На колокольне Чудова монастыря веревку от большого колокола таскал здоровенный купчина. На красное лицо горохом сыпался пот из-под шапки. А купец все наддавал, садил десятипудовым языком в горячую от боя медь. Тяжелый, с седой прозеленью колокол гудел не смолкая, проникая низким басовитым звуком в самую душу.
Сверху видно далеко. И хотя пот застил глаза купцу, все же различить можно было, что дома на Москве украшены зеленью и цветами, а народ в улицах как бурная река. Да и сами дома вроде бы выше стали, раздвинулись, а площади и вовсе распахнулись, как никогда, вместив разом столько народу. Церкви взметнулись невиданно высоко, а стройные колокольни, казалось, ушли в небо и уже оттуда, из подоблачной выси, сыпали медную, торжественную музыку. Густо, тяжко…

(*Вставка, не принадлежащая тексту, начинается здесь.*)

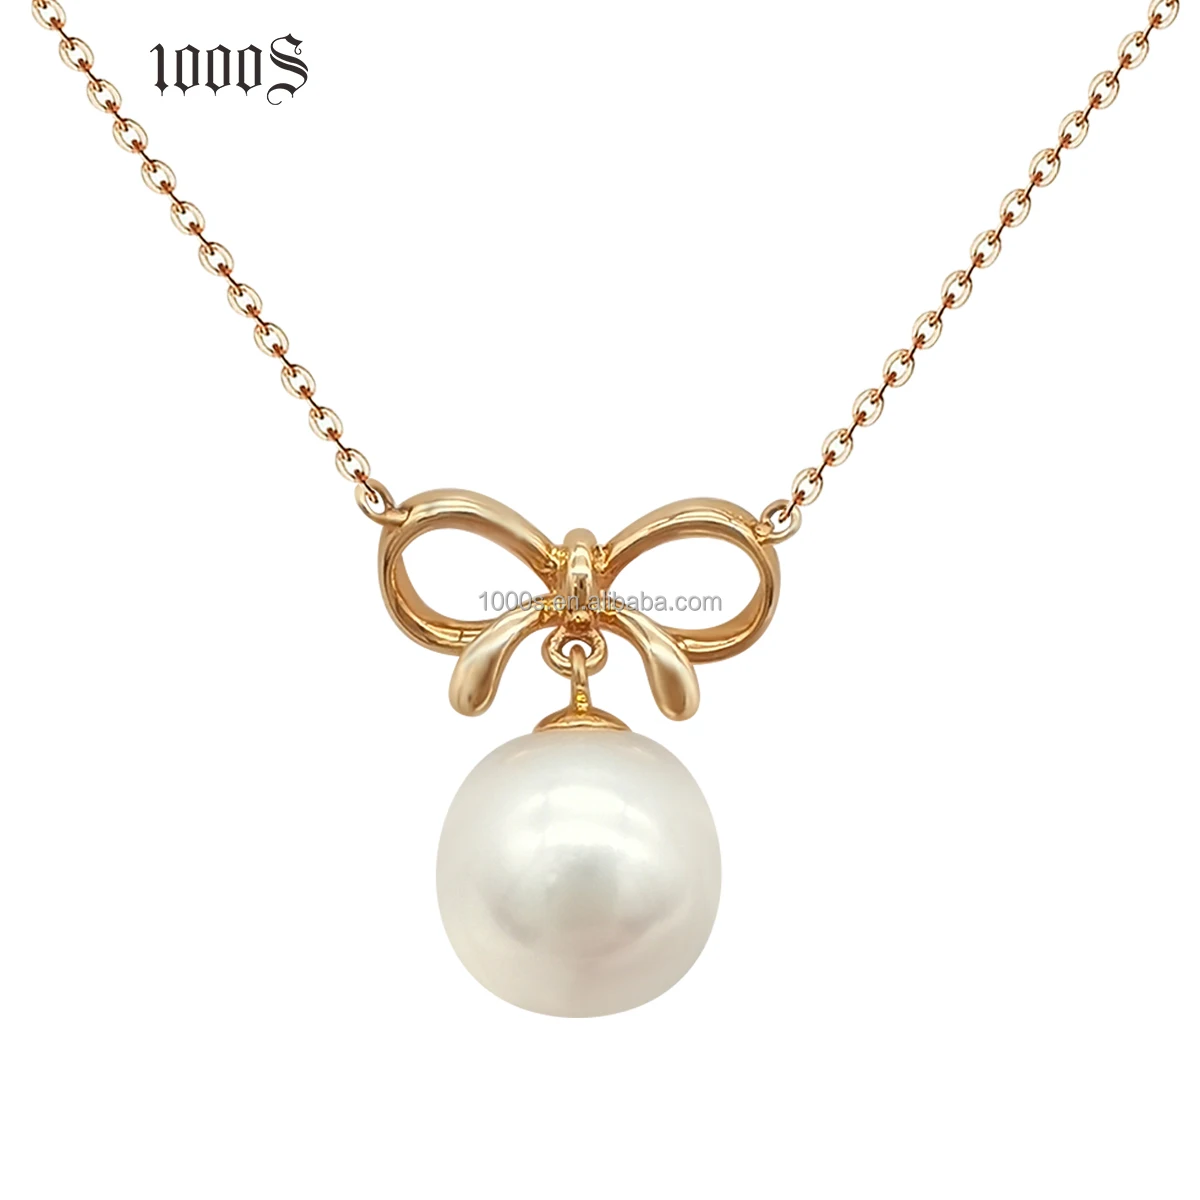 

Luxury 18k Yellow Gold Genuine Freshwater Pearl Pendant Necklace Sparkle O Chain Necklace Jewelry for Women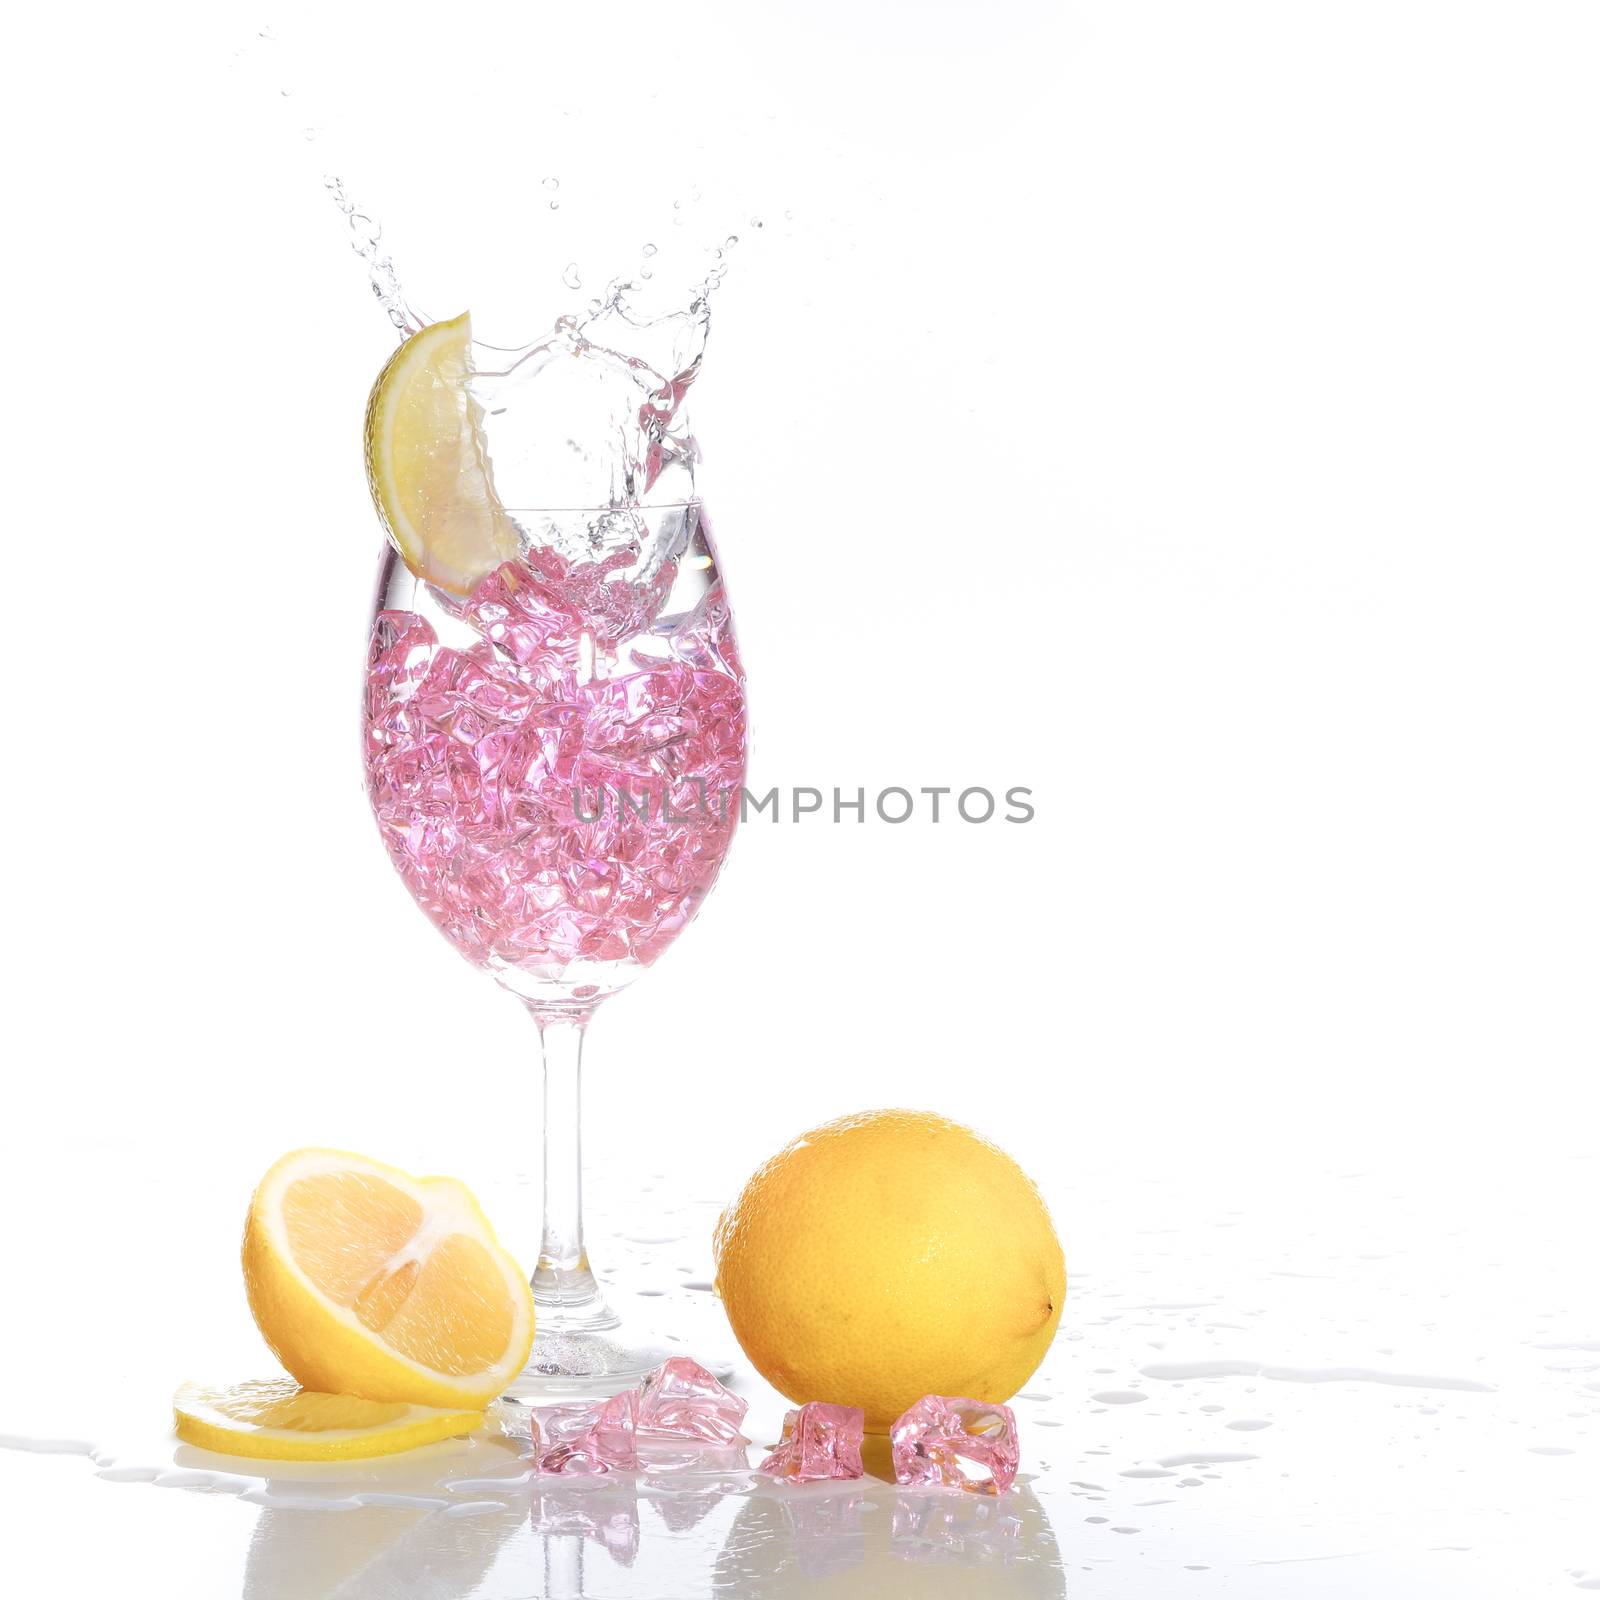 Stemmed champagne glass with lime liquor splashing out, isolated on white background

Пестрели на Пожаре и дальше, у Москвы-реки и за рекой, к Серпуховской дороге, яркие бабьи платы, синие, красные, василькового цвета кафтаны; блистали под солнцем бесчисленные хоругви, святые иконы. Москва ликовала, и народ вышел встречать Бориса, как некогда выходил встречать Грозного-царя, завоевателя Казани. Впереди — патриарх, царица Мария с озаренным счастьем лицом и царские дети: царевна Ксения и царевич Федор. Царица в широком ожерелье, сверкающем драгоценными каменьями, царевна и царевич в черевчатых[14] бархатах.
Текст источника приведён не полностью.